Morten Brørup Aug. 1, 2024, 4:03 p.m. UTC
Optimized the performance of updating the virtio statistics counters by
reducing the number of branches.

Ordered the packet size comparisons according to the probability with
typical internet traffic mix.

Signed-off-by: Morten Brørup <mb@smartsharesystems.com>
---
v5:
* Do not inline the function. (Stephen)
v4:
* Consider multicast/broadcast packets unlikely.
v3:
* Eliminated a local variable.
* Note: Substituted sizeof(uint32_t)*4 by 32UL, using unsigned long type
  to keep optimal offsetting in generated assembler output.
* Removed unnecessary curly braces.
v2:
* Fixed checkpatch warning about line length.
---
 drivers/net/virtio/virtio_rxtx.c | 39 ++++++++++++--------------------
 drivers/net/virtio/virtio_rxtx.h |  4 ++--
 2 files changed, 16 insertions(+), 27 deletions(-)
  

Comments

Stephen Hemminger Aug. 1, 2024, 4:17 p.m. UTC | #1
On Thu,  1 Aug 2024 16:03:12 +0000
Morten Brørup <mb@smartsharesystems.com> wrote:

> Optimized the performance of updating the virtio statistics counters by
> reducing the number of branches.
> 
> Ordered the packet size comparisons according to the probability with
> typical internet traffic mix.
> 
> Signed-off-by: Morten Brørup <mb@smartsharesystems.com>

LGTM
Acked-by: Stephen Hemminger <stephen@networkplumber.org>

I wonder if other software drivers could use similar counters?
  
Morten Brørup Aug. 1, 2024, 8:38 p.m. UTC | #2
> From: Stephen Hemminger [mailto:stephen@networkplumber.org]
> Sent: Thursday, 1 August 2024 18.18
> 
> On Thu,  1 Aug 2024 16:03:12 +0000
> Morten Brørup <mb@smartsharesystems.com> wrote:
> 
> > Optimized the performance of updating the virtio statistics counters
> by
> > reducing the number of branches.
> >
> > Ordered the packet size comparisons according to the probability with
> > typical internet traffic mix.
> >
> > Signed-off-by: Morten Brørup <mb@smartsharesystems.com>
> 
> LGTM
> Acked-by: Stephen Hemminger <stephen@networkplumber.org>
> 
> I wonder if other software drivers could use similar counters?

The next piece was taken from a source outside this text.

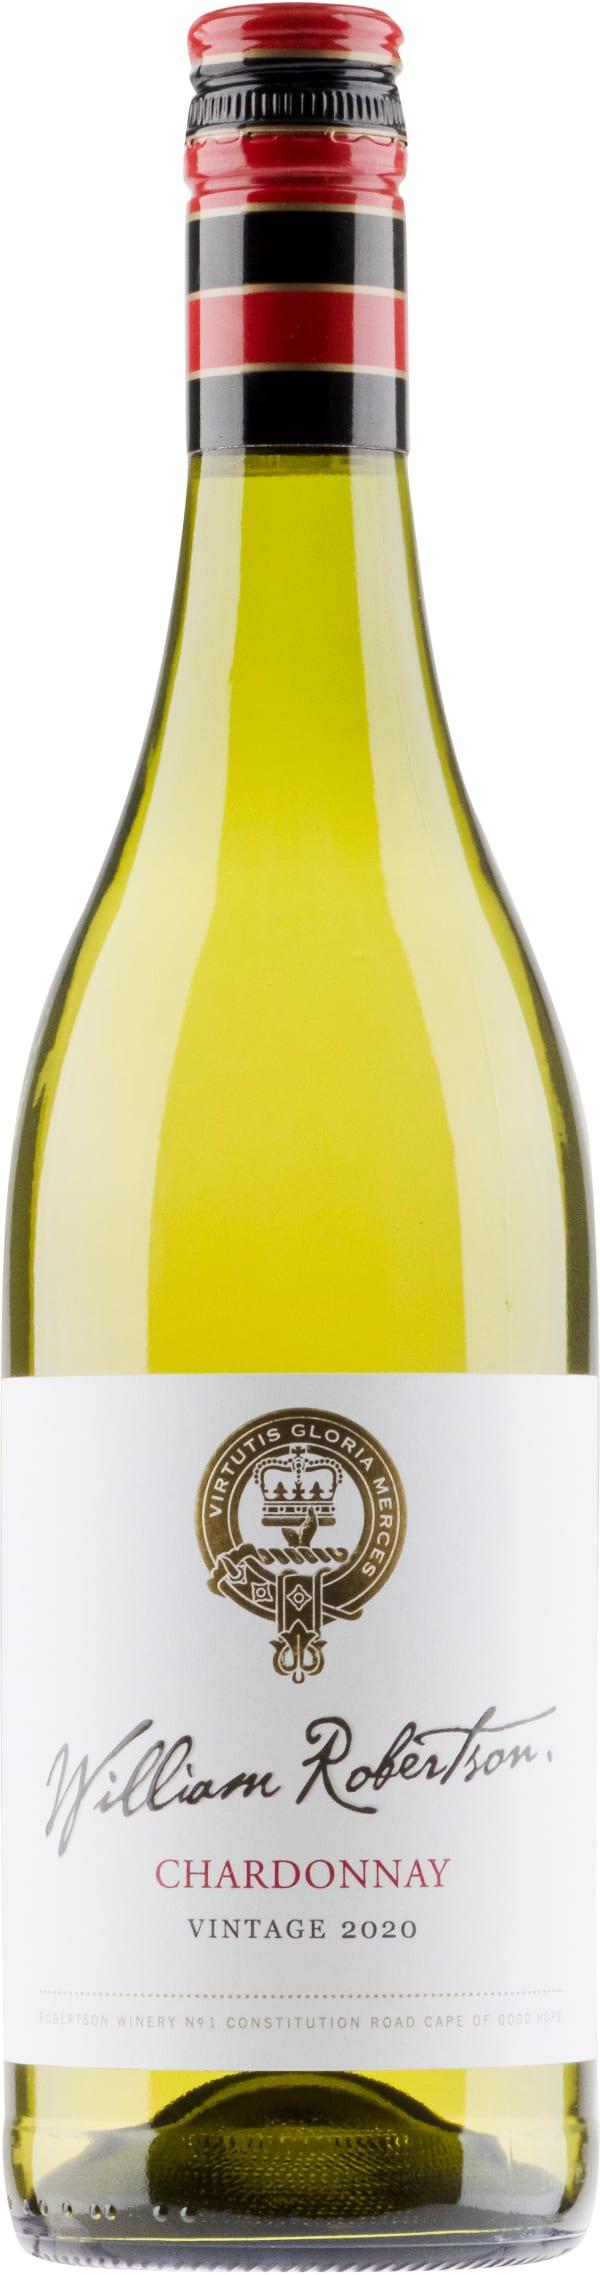 William Robertson Chardonnay 2020

While working on this, I noticed the netvsc driver and vhost lib also have size_bins [1], so they are likely candidates.
 
The netvsc's hn_update_packet_stats() function [2] seems like 100 % copy-paste, and should be easy to paste over with the new implementation.
The vhost lib's vhost_queue_stats_update() function [3] also looks rather similar to the original variant, and could benefit too.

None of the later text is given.